■ **Task prompt**: Please output exactly the lines below, starting at the line that has "Bild 2 von Schlauchschal Keepwarm 100 orange" and ending at the line that has "Easton Walk-Off Baseball Backpack", both included; leave out all pictures and include nothing else.

───── Listed records ─────

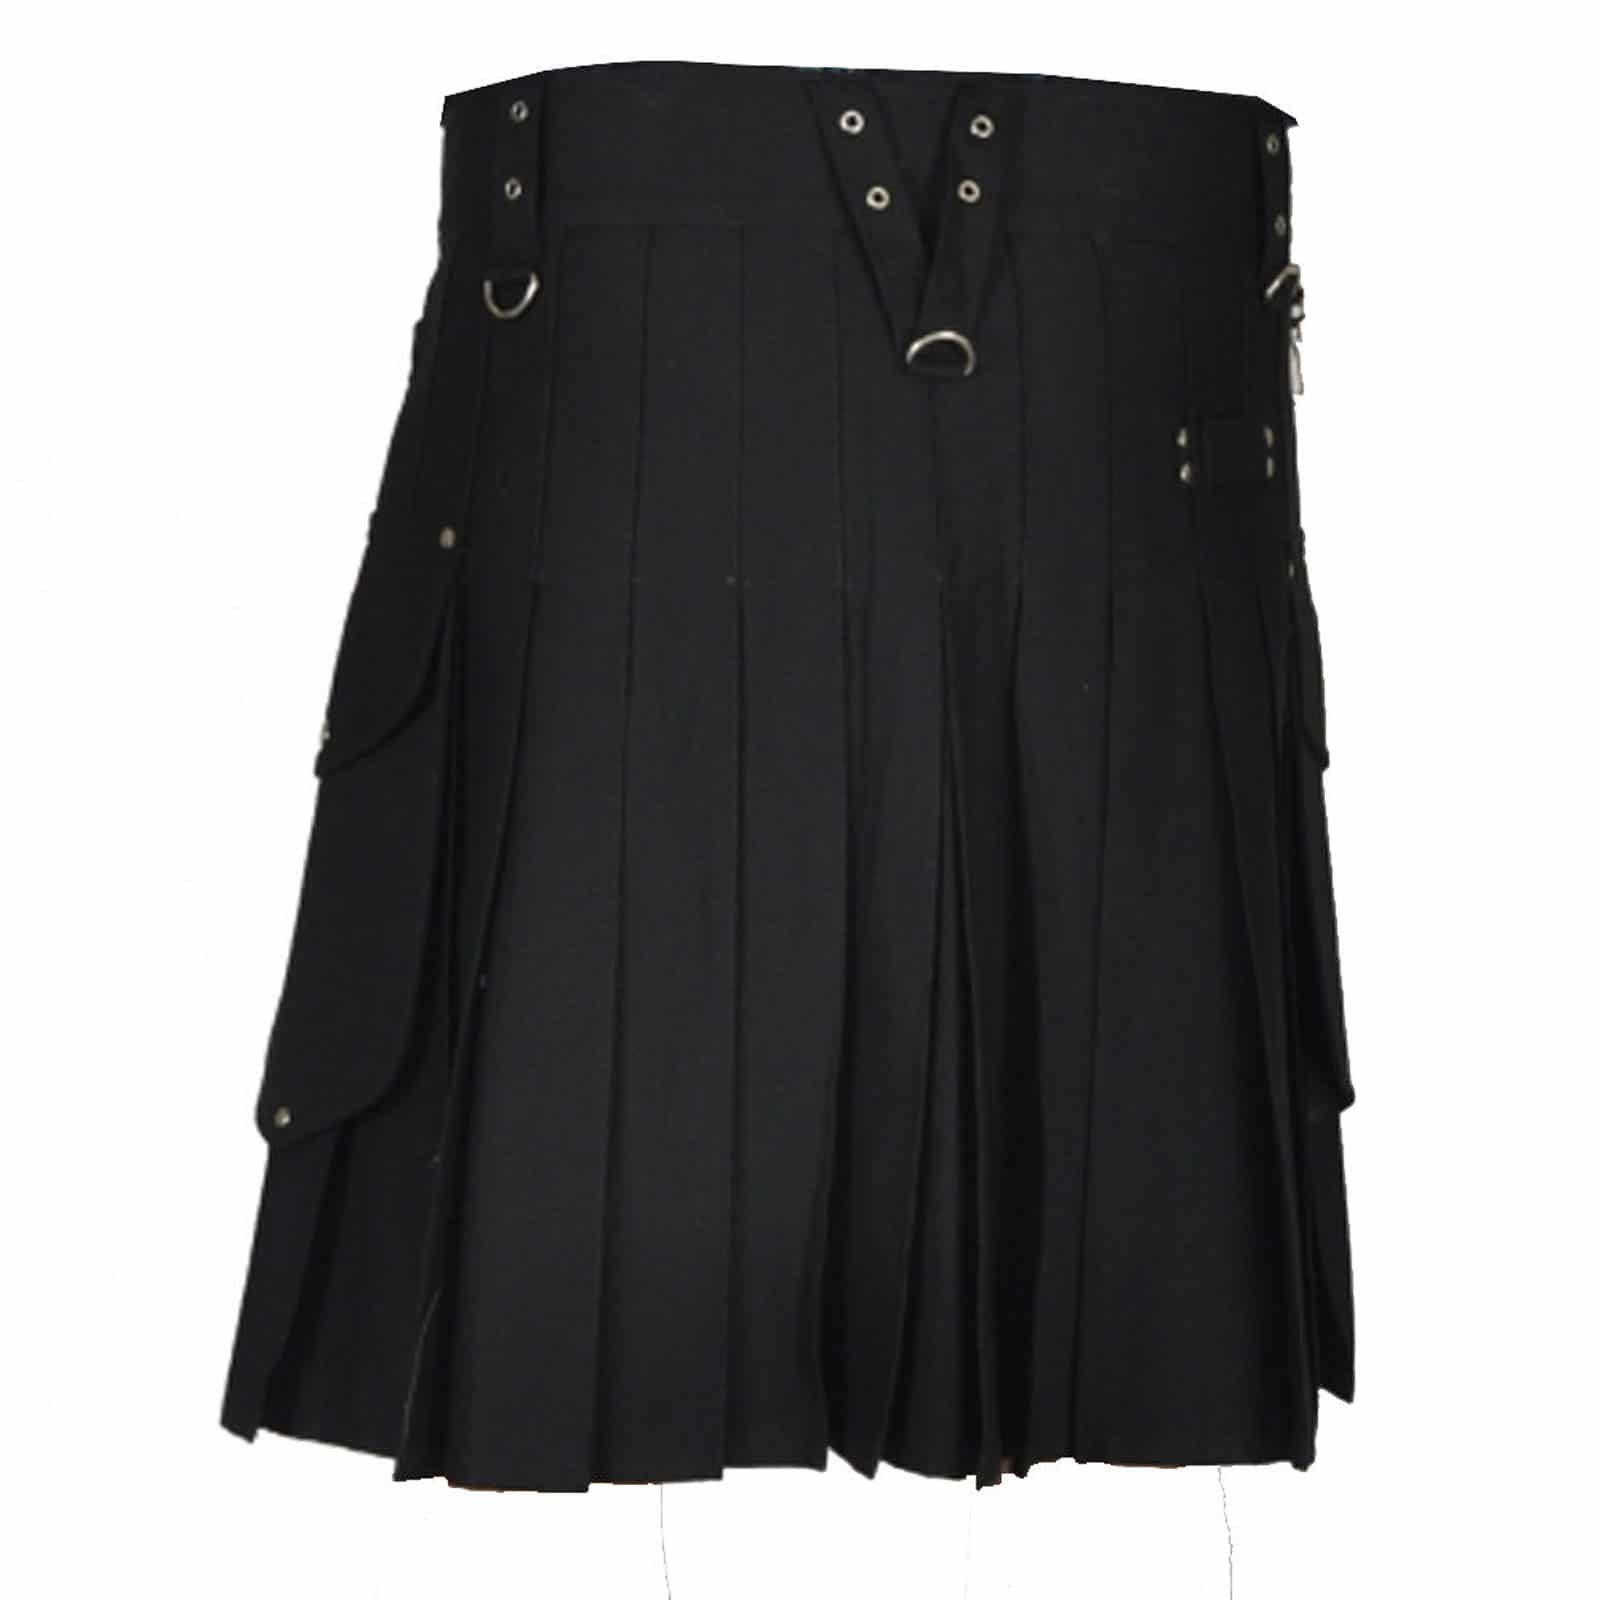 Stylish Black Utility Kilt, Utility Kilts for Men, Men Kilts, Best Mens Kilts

─────
───── Listed records ─────

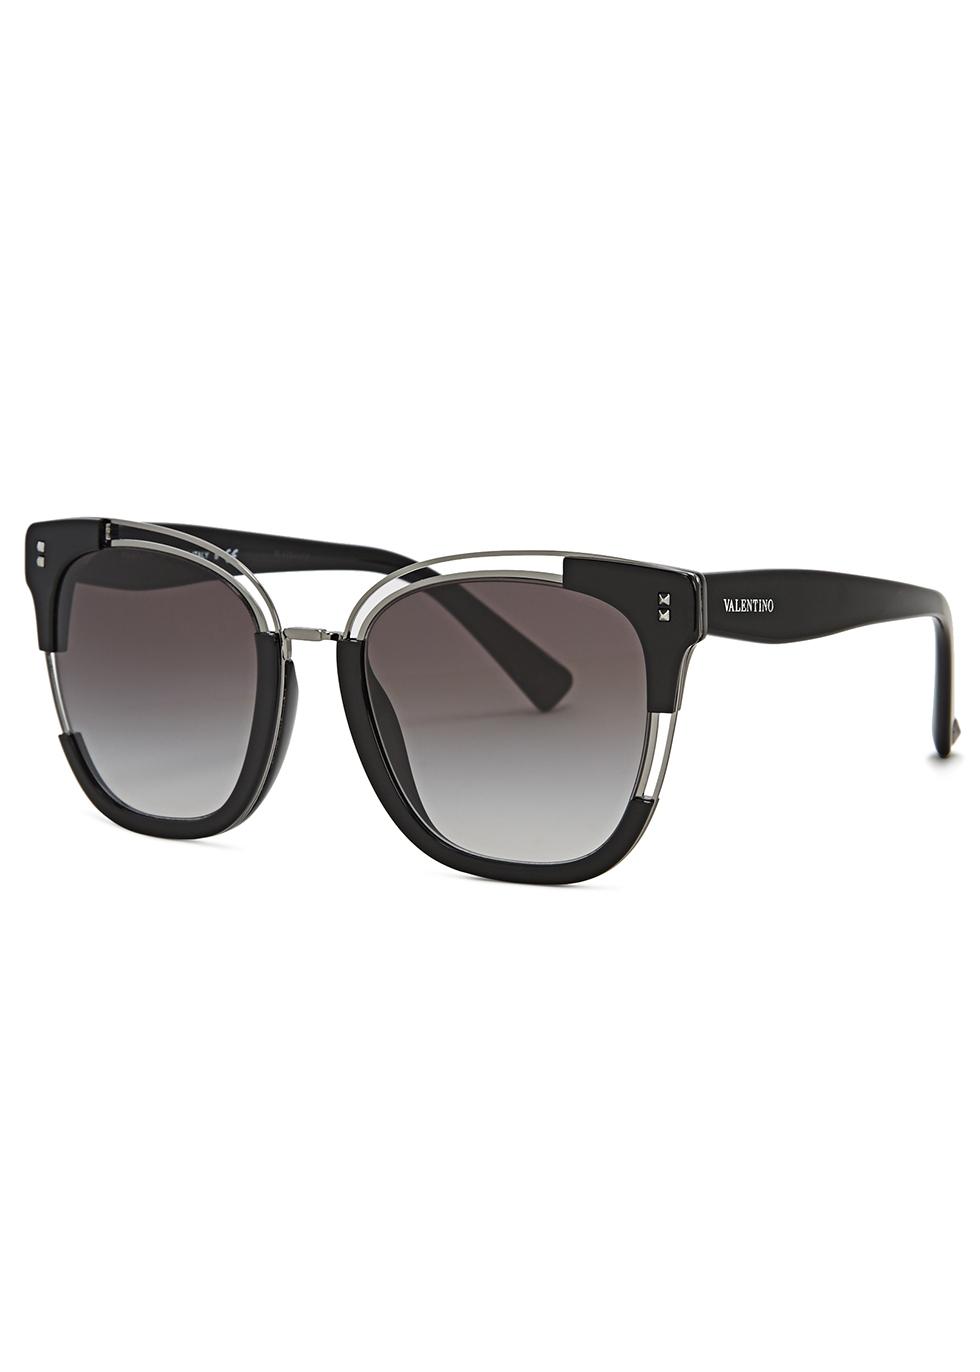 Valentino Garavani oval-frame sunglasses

─────
───── Listed records ─────

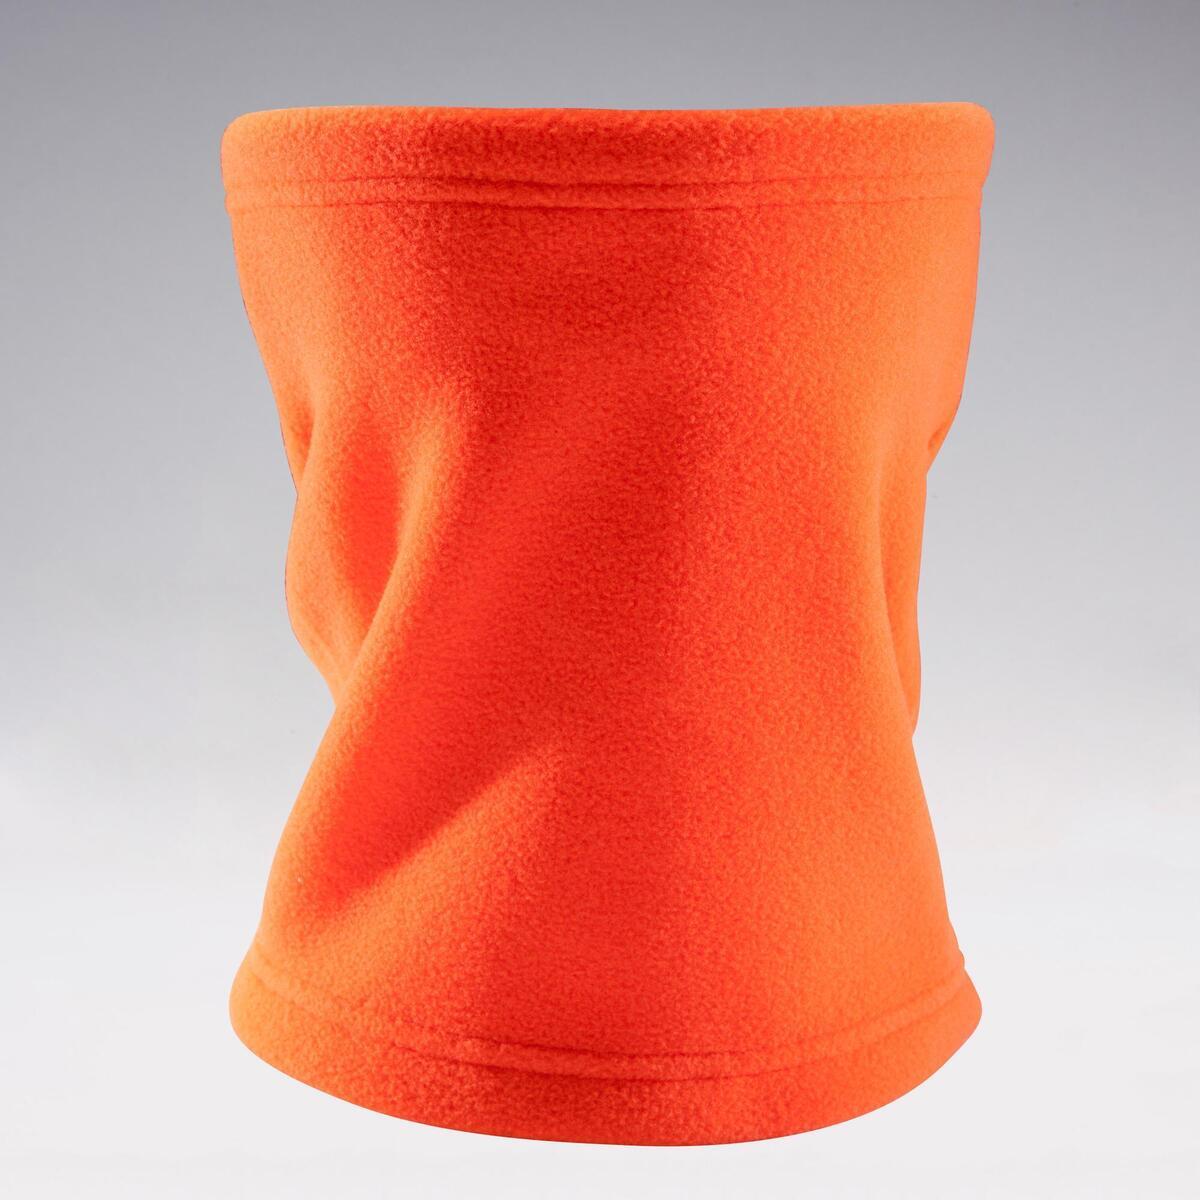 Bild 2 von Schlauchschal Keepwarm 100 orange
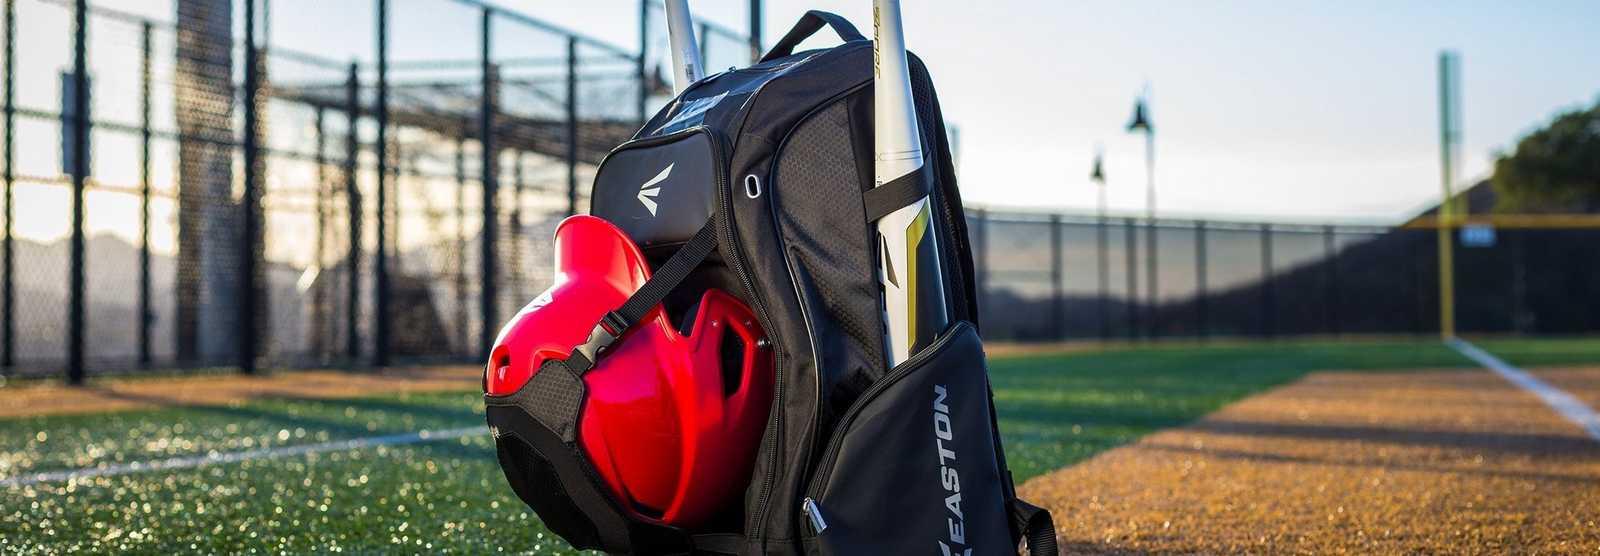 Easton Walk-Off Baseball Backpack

─────

■ **Response to the task**:
 Bild 2 von Schlauchschal Keepwarm 100 orange
 Easton Walk-Off Baseball Backpack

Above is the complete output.